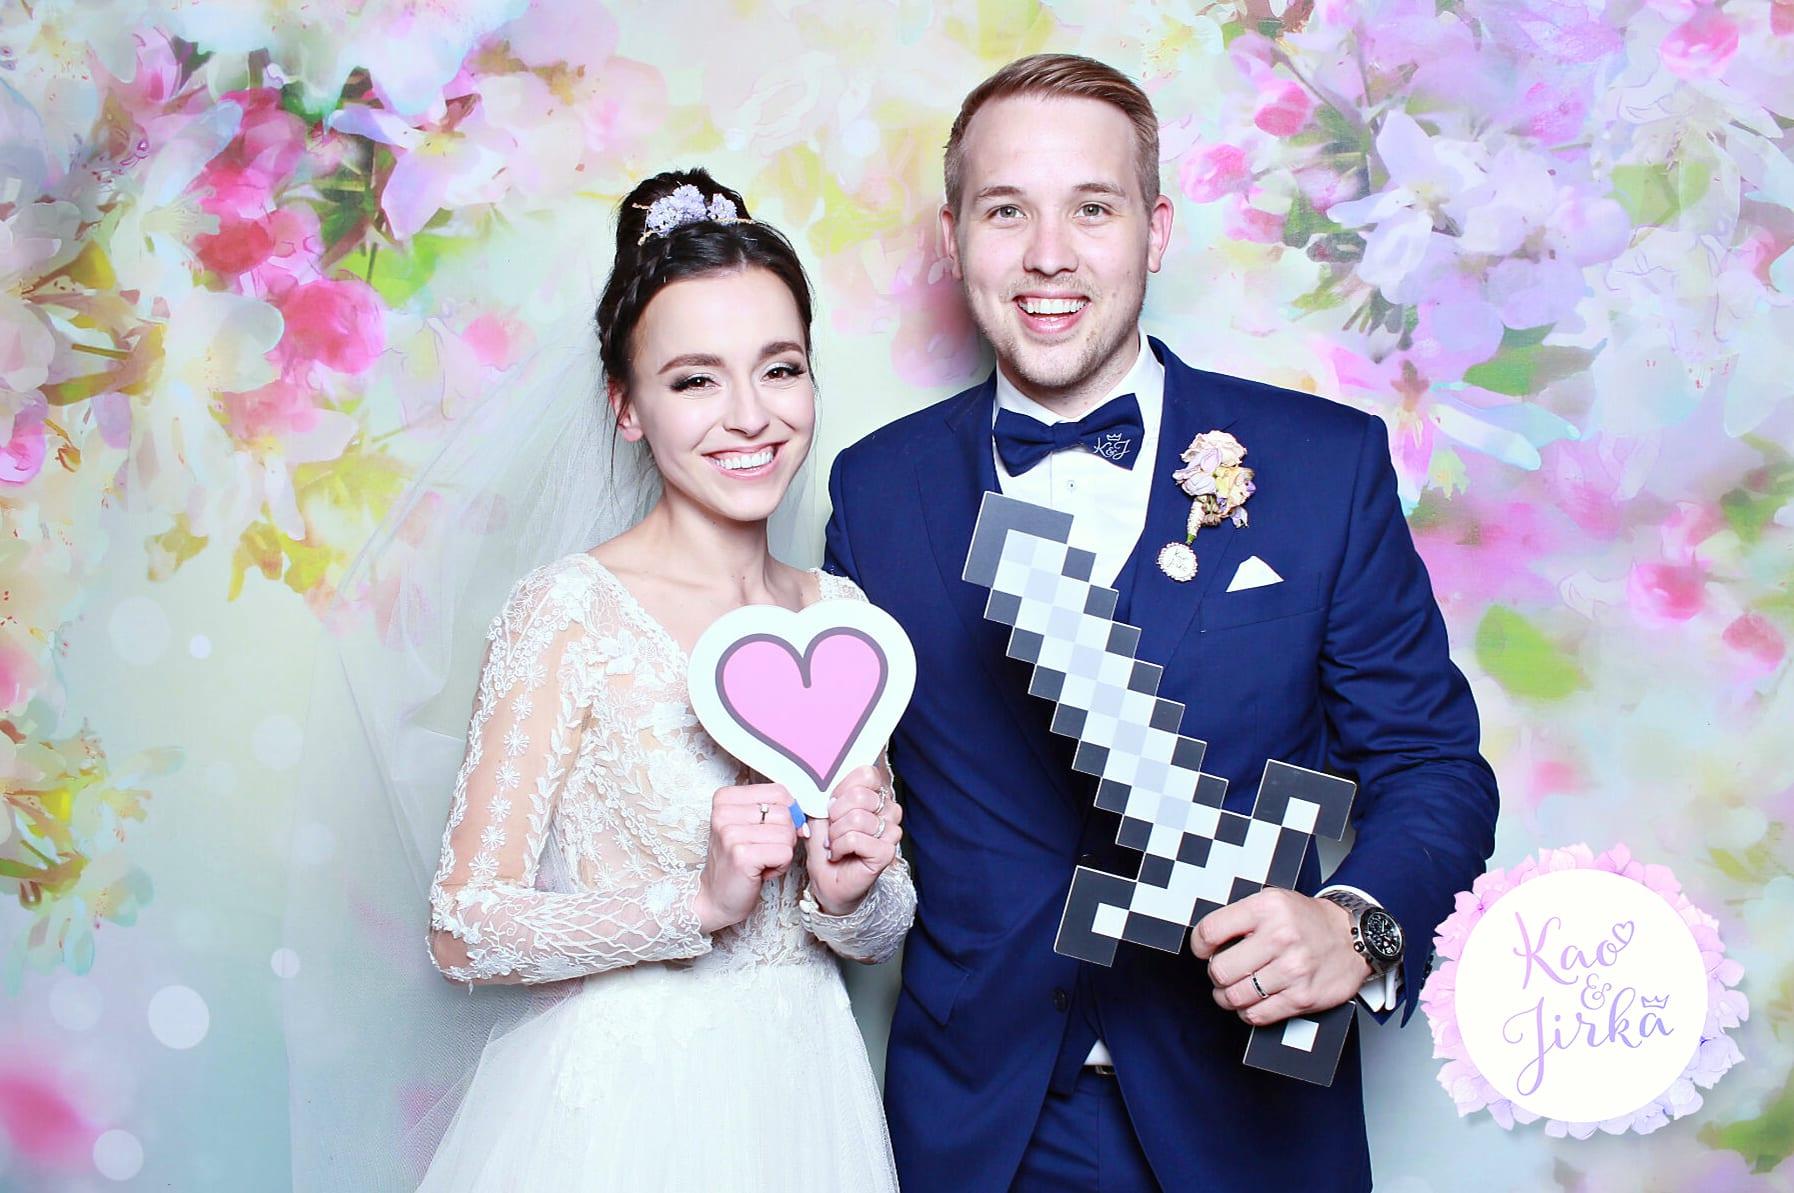 fotokoutek-praha-svatba-kao-jirka-729186
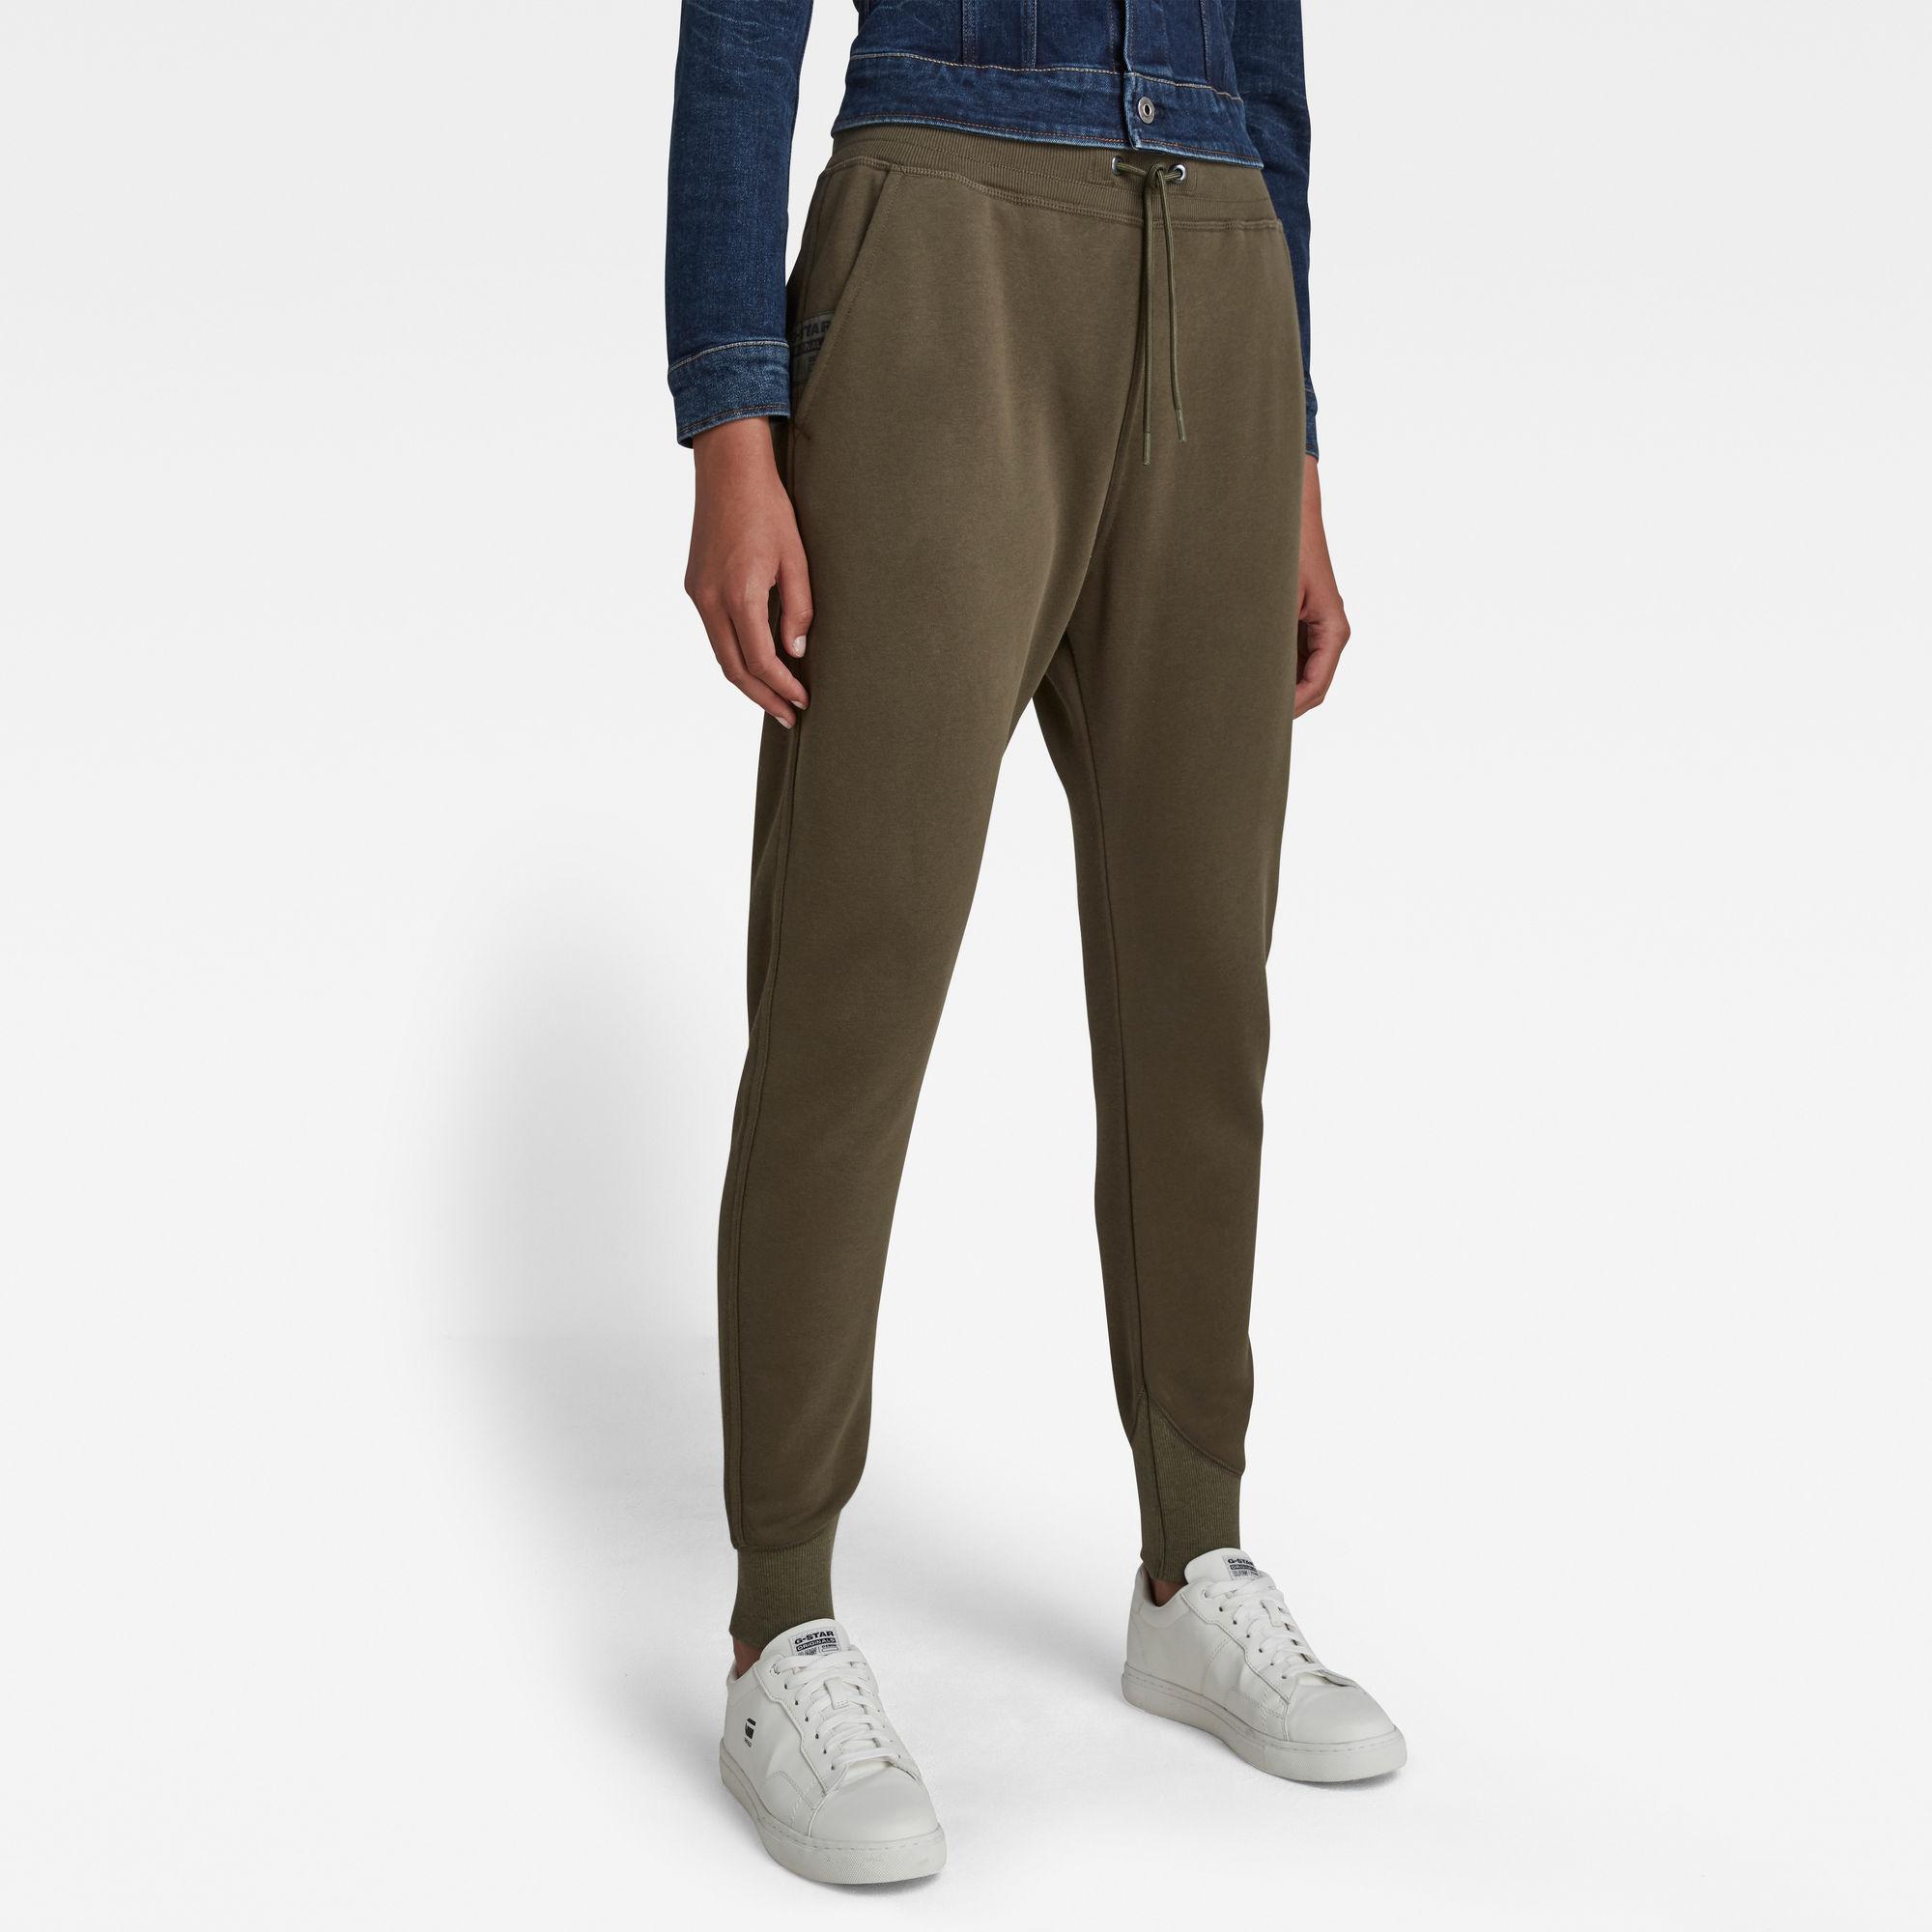 G-Star RAW Dames Premium core 3D Tapered Sweatpants Groen
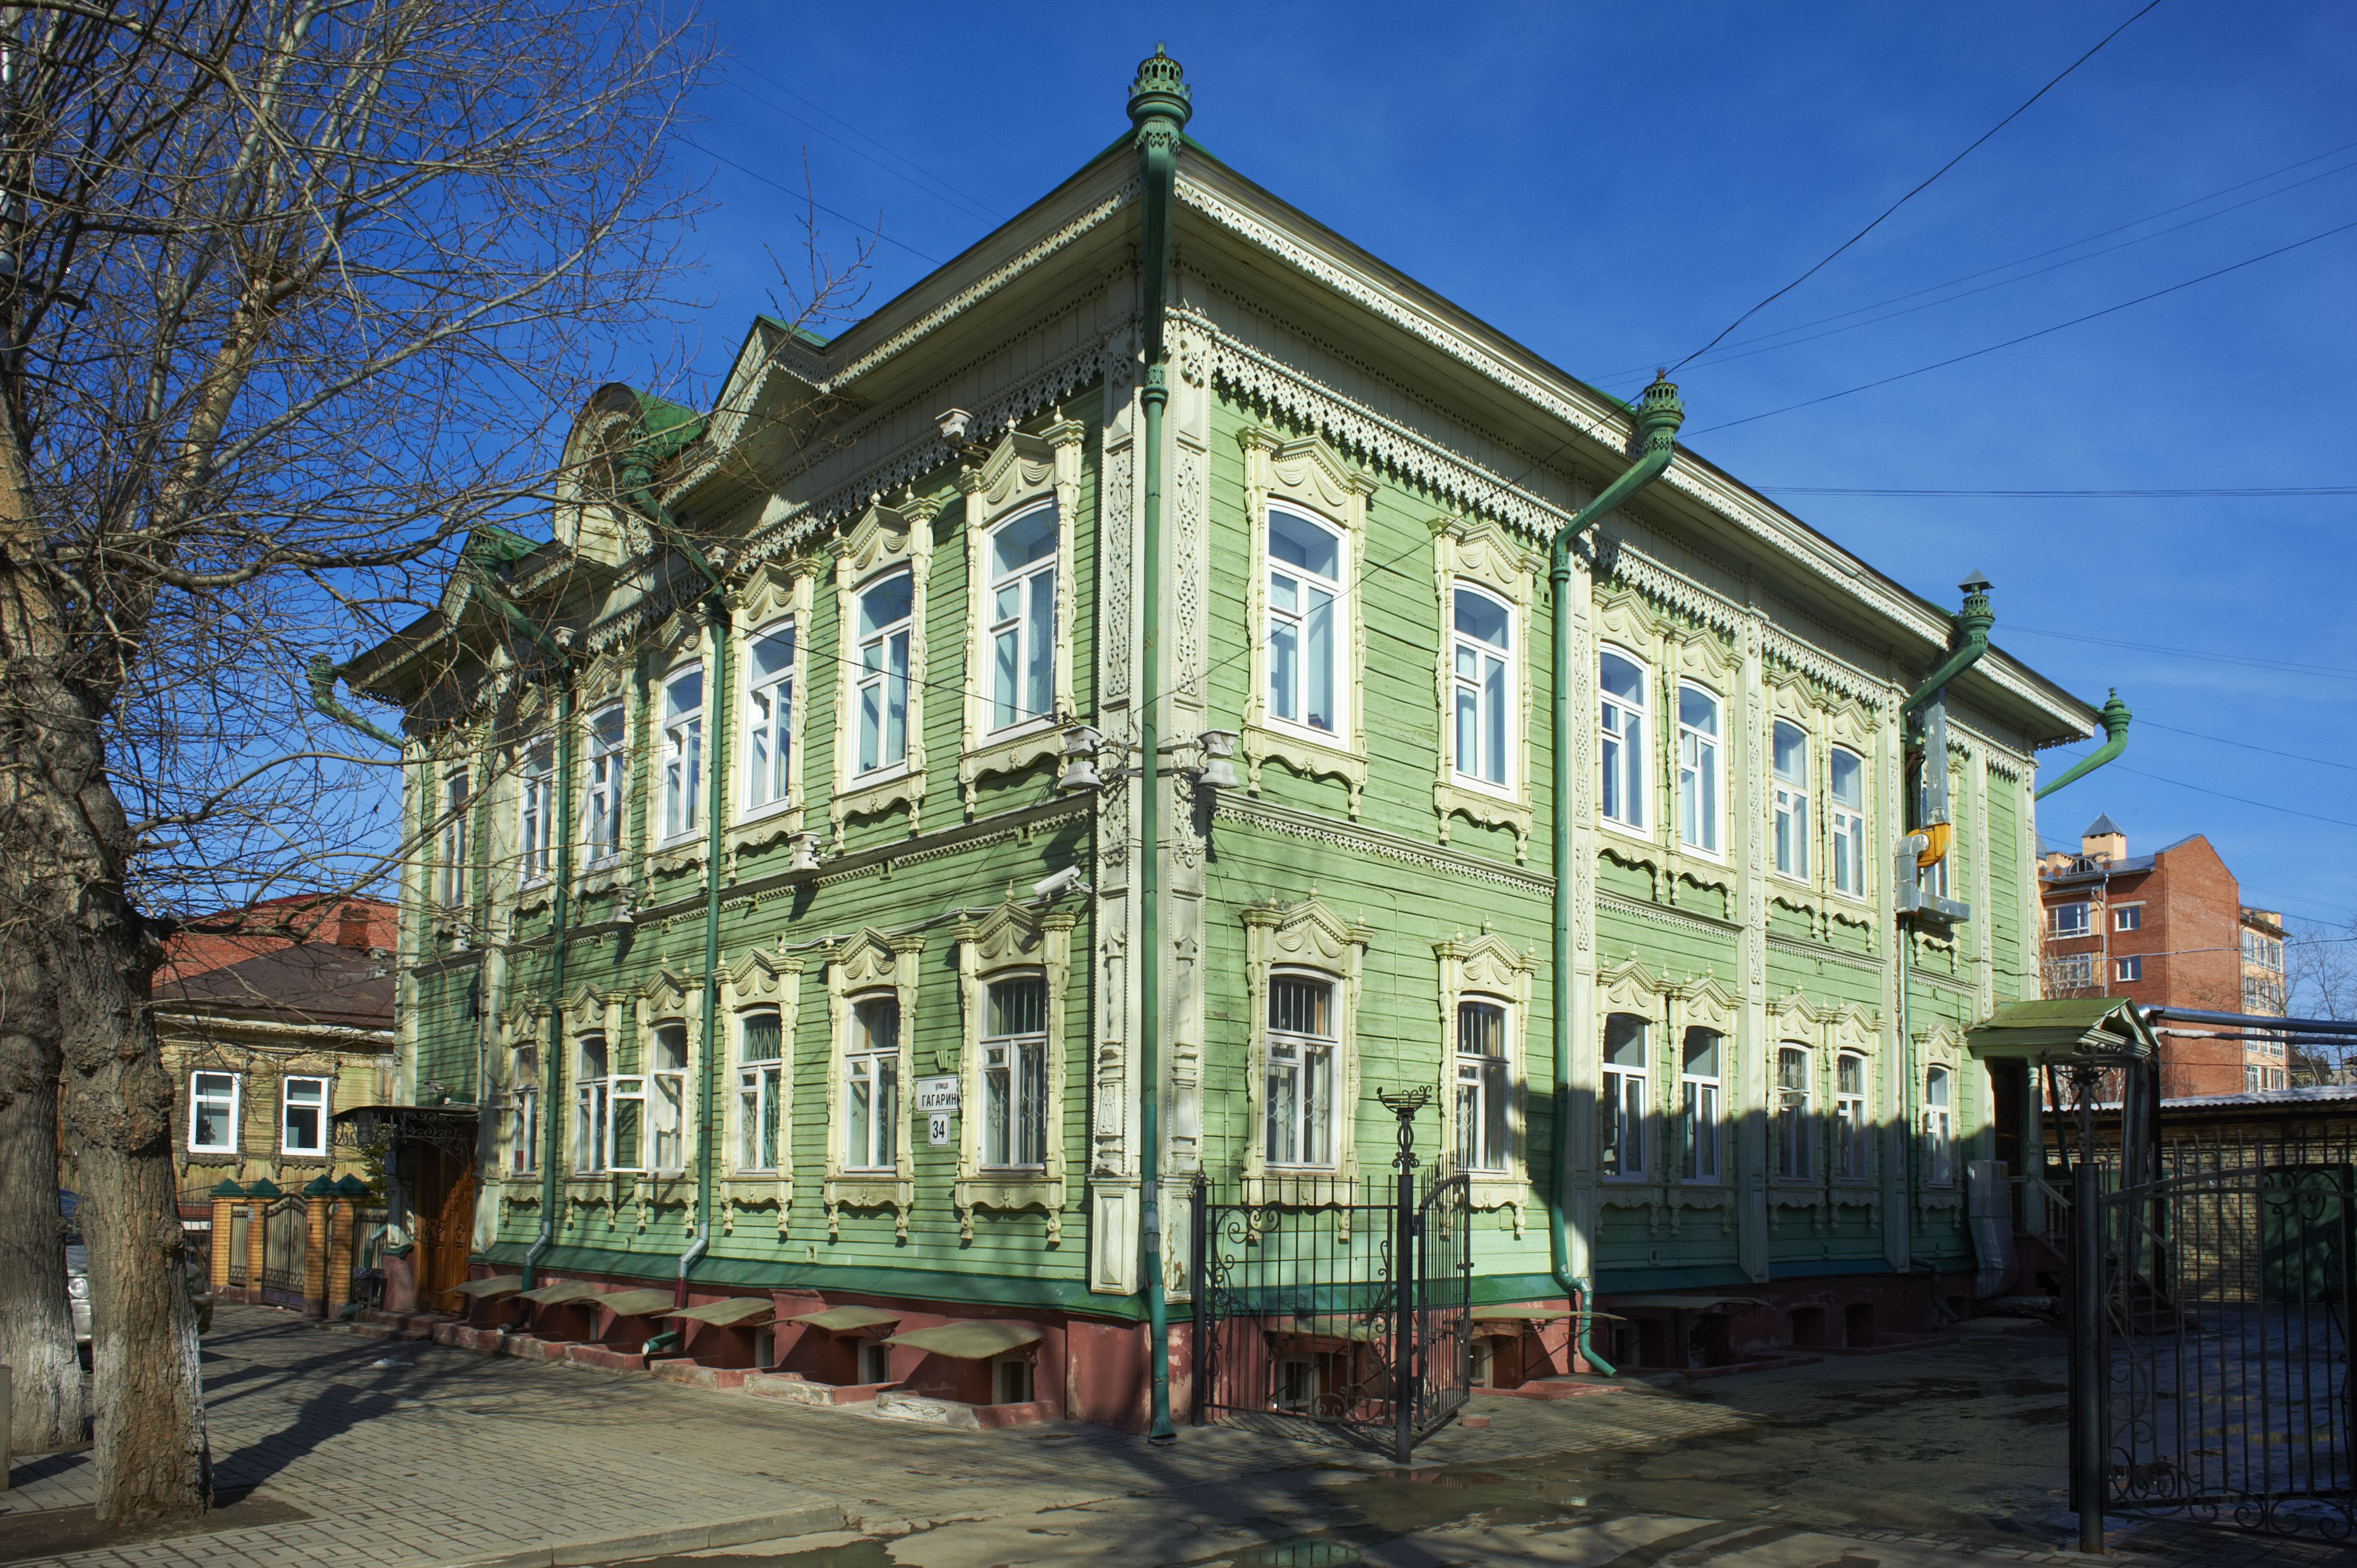 Rusia, Tomsk, arquitectura de madera

┄┄┄┄┄┄┄┄┄┄┄┄┄┄┄┄┄┄┄┄

For every line above, produce an exact transcription that omits the images.

 fotokoutek-praha-svatba-kao-jirka-729186
 G-Star RAW Dames Premium core 3D Tapered Sweatpants Groen
 Rusia, Tomsk, arquitectura de madera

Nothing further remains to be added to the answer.